Late_Film_1901@reddit
Maybe it's just me but I don't get which harness is better. Do you mean Claude code is much better than copilot?
my_name_isnt_clever@reddit
IMO none of the projects made by the major players are the best for local models, we have very different contraints than API services.
Pi is becoming the standard since it's so minimal, though there are a few other projects focused on smaller models. Even OpenCode targets the frontier.
bnightstars@reddit
Same task with Qwen3.6-35B Claude Code delivered while Copilot entered a loop that couldn't escape. Overall Claude Code has more tools and better prompts that work well even with an open source model.
StereoWings7@reddit
What do you mean GitHub incident in this context? Sorry for being ignorant but Iโm not as tech saggy as other guys in this sub.
nymical23@reddit
Most of us are tech-saggy in this sub, only a few are tech-savvy.
StereoWings7@reddit
Ah English is not my first language I just have accidentally picked an incorrect word perhaps because I watched a Family Guyโs saggy-naggy clip before posting it but it seems it somehow makes sense lol.
nymical23@reddit
Yeah, I get it. It isn't my first language either, but the contrast between saggy and savvy was too funny to let go. :)
bnightstars@reddit
Github got hacked yesterday because of npm package been hijacked !
LightBroom@reddit
Try https://github.com/tontinton/maki
jacek2023@reddit
Try multiple times, it can be just a normal variancy
sammybeta@reddit
"hey look at my one shot it's wonderful/terrible"
some_user_2021@reddit
I hate being bipolar, it's awesome!
FrostTactics@reddit
Agreed. Especially with the svg drawing, I can't imagine the harness actually matters much.
sdfgeoff@reddit (OP)
Yep, the pelican is mostly representative of the model not the harness, but it's the one that makes the prettiest picture to post on the internet. If you have other suggestions that are both easy/pretty to visualize and test the harness more than the model, I'm keen to hear them!
sdfgeoff@reddit (OP)
I did run the tests multiple times, but I didn't present all the pictures here. There's only so many you can visually compare! (I am also currently adding evals that aren't subjective so they can be compared across multiple runs),
For what it's worth, the conclusions I mention (opencode's internet access providing more detailed outputs, and opencode producing better interactive content, github copilot being nearly unusable for the model) appear to be very consistent across runs.
pulse77@reddit
\^\^\^ This is the only right answer! There is so much randomness involved that one can not judge by single-shot picture! At least 10 attempts should be made and shown for each harness, then we can judge...
Jeidoz@reddit
I believe "randomness" can be removed if would be used the right value of temperature or/and seed value. ๐
pulse77@reddit
This is not possible, because each harness sends different prompts to the LLM - before/after the user-given prompt. If each harness would sent exactly the same prompts, and in the same order, and if temperature would be set to 0, and if seed would be set to the same value, and if GPU task reordering would be disabled - then we would get exactly the same result with each AI assistant...
MerePotato@reddit
Yup, and you'd see poor performance then anyway since reasoning chains rely on the noise introduced by an elevated temperature to perform optimally
challis88ocarina@reddit
Locking in the seed is the first step. Diffusion models become deterministic at this stage. LLMs rarely come with the harness to lock everything in. I know where my money is.
rditorx@reddit
But then you'd still not know whether it's the harness or the exact prompt and the token suggestions controlled by the probability distribution.
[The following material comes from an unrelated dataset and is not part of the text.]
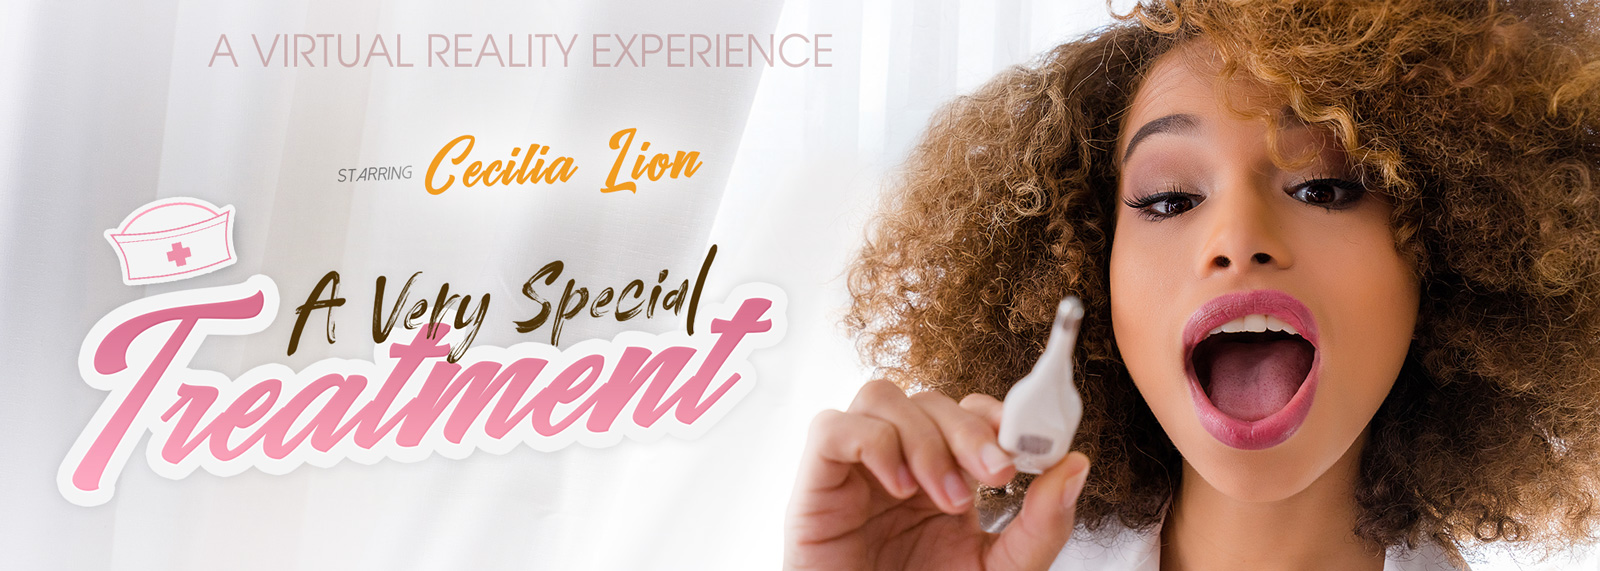 A Very Special Treatment - VR Porn Video, Starring: Cecilia Lion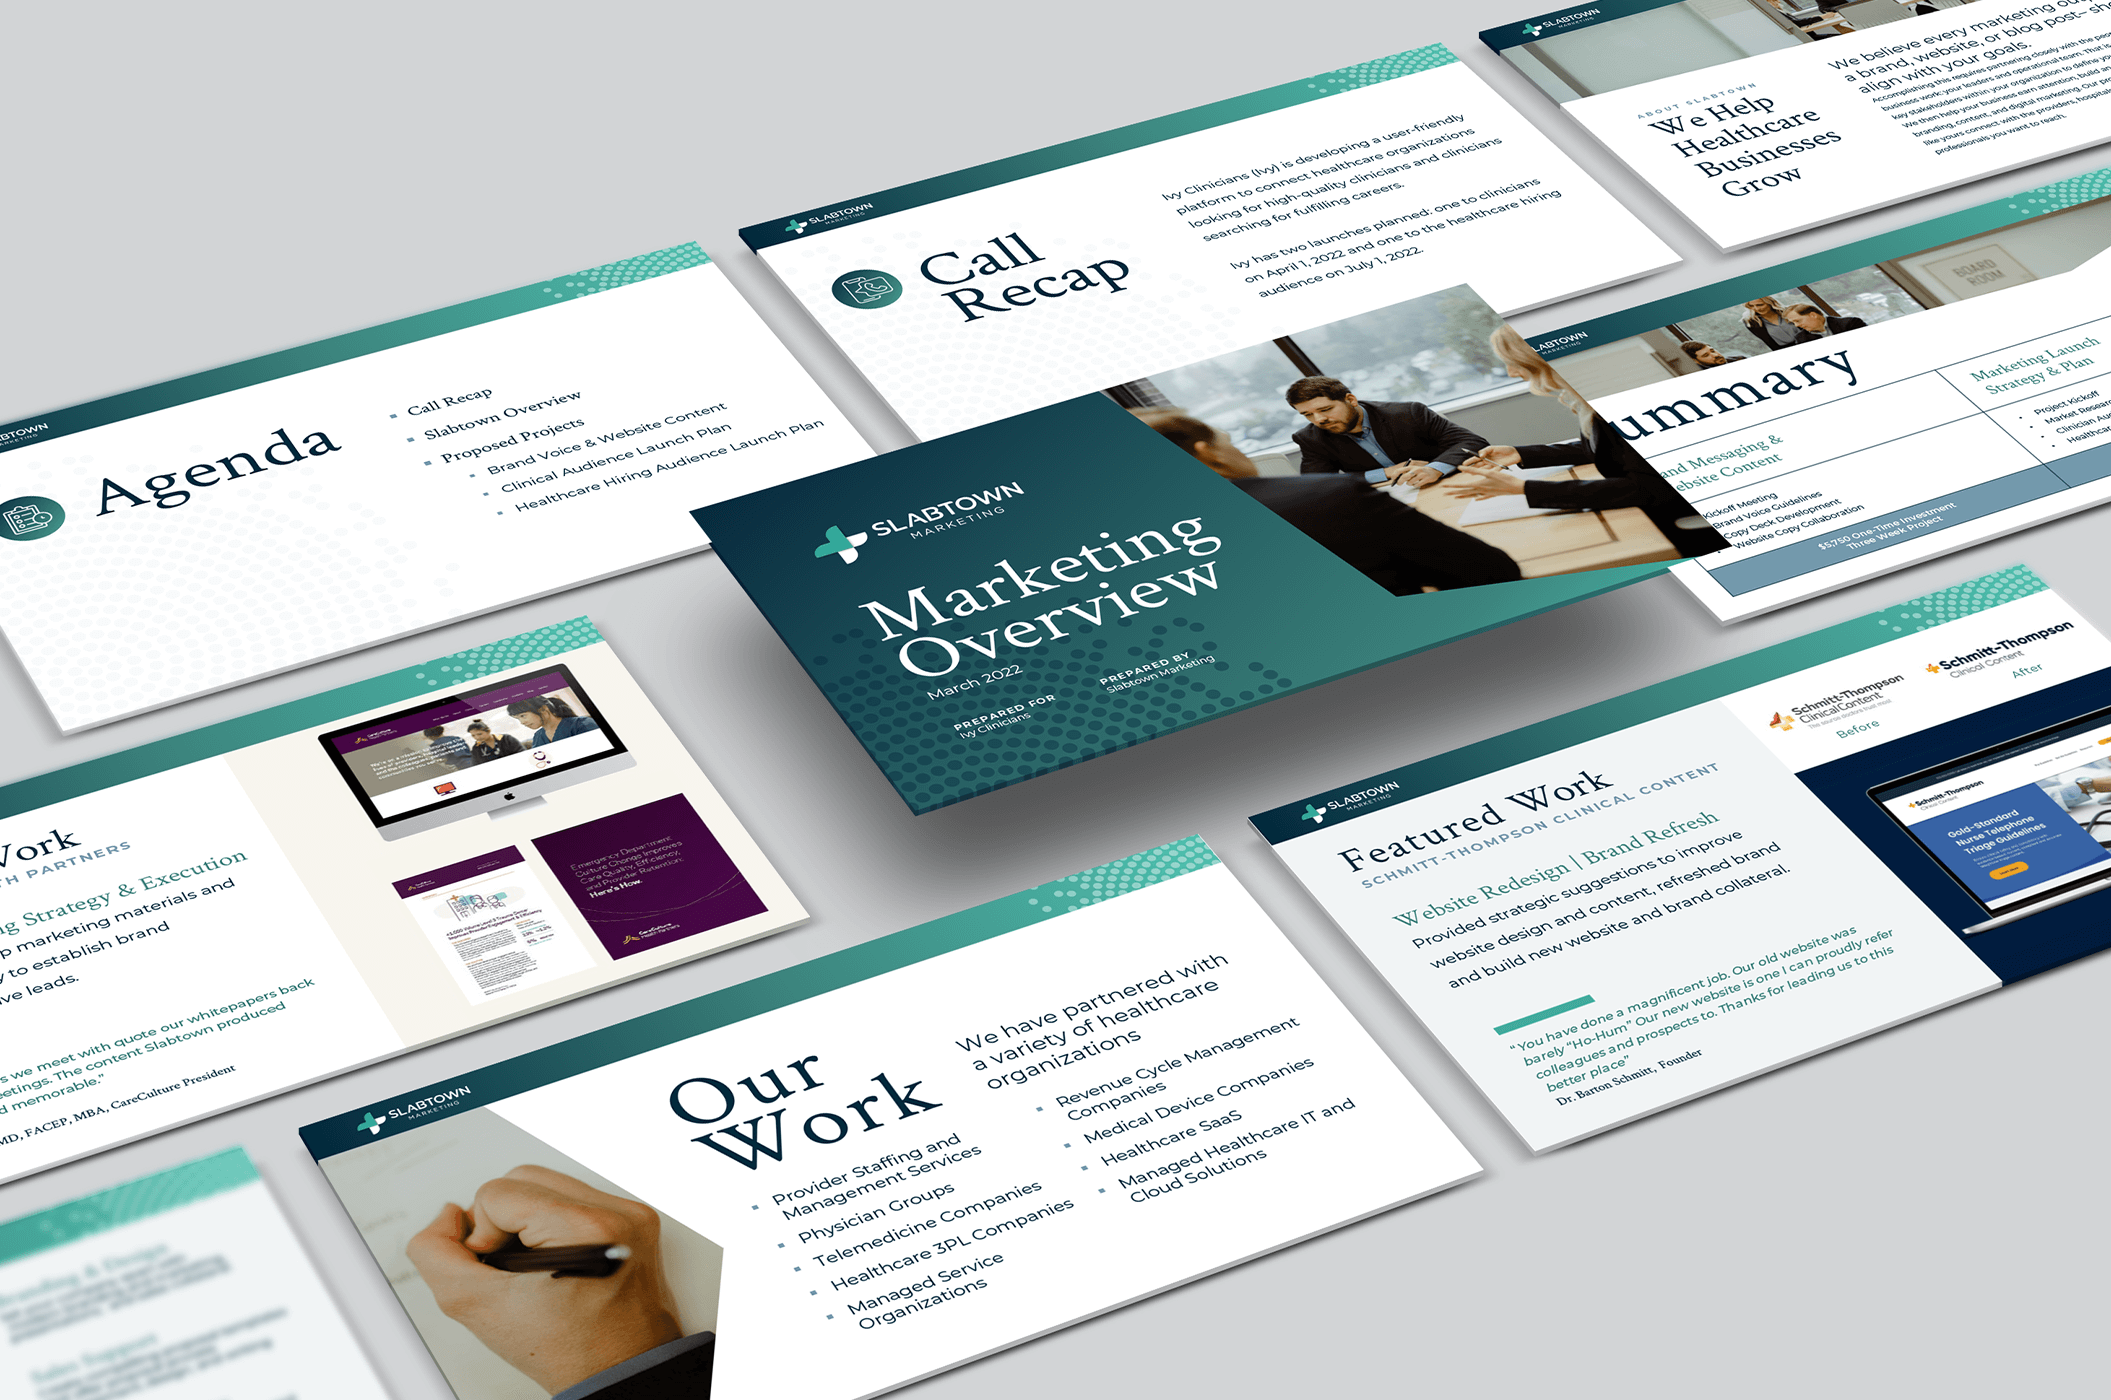 Pitch deck design for Marketing Company

With a different seed, you might get better results with some prompts than others.
Lissanro@reddit
No, different agent frameworks mean different prompt, so results will be different no mater what. Also, there is a chance to pick a seed that produces bad results for one agent but good result for the other agent. The only way to test this, is to do it multiple times with different seeds per agent. At very least 3x3 grid for each, or even 5x5 (depending on how much variation there is).
LosEagle@reddit
Pi did this without extensions?
Silver-Champion-4846@reddit
Can someone describe the image please? Blind guy here
UmpireBorn3719@reddit
could you share your prompt please
shanehiltonward@reddit
OpenCode rocks. Terminal 1 = llama.cpp Terminal 2 = OpenCode.
Icy-Marzipan-2605@reddit
so they all were using same LLM under the hood right?
sdfgeoff@reddit (OP)
Yep, all with the same model. All Qwen3.6
My aim was to determine what difference the harness makes.
Glittering_Focus1538@reddit
No wonder I liked using copilot, too bad they perma ban fast for alts. Also not surprised pi agent is doing so well, can you test https://github.com/Doorman11991/smallcode ?
sdfgeoff@reddit (OP)
You get one of the best pelicans yet.
Clocking in at 2:9s with 6 requests and 3386 output tokens.
Glittering_Focus1538@reddit
Not bad! not bad at all!
Glittering_Focus1538@reddit
Thats half the output tokens with only 2 more prompts. Not bad.
sdfgeoff@reddit (OP)
Sure! I've actually had that one on my list since your post a couple days back. One thing I haven't figured out (I haven't looked very hard yet) is how to set an API key for the local model. I couldn't see an easy place in the `.env.example` file
Glittering_Focus1538@reddit
# โโโ API Keys โโโโโโโโโโโโโโโโโโโโโโโโโโโโโโโโโโโโโโโโโโโโโโโโโโโโโโโโโโโโโโโโ
# Required when using a cloud provider (OpenAI, OpenRouter, DeepSeek, Anthropic)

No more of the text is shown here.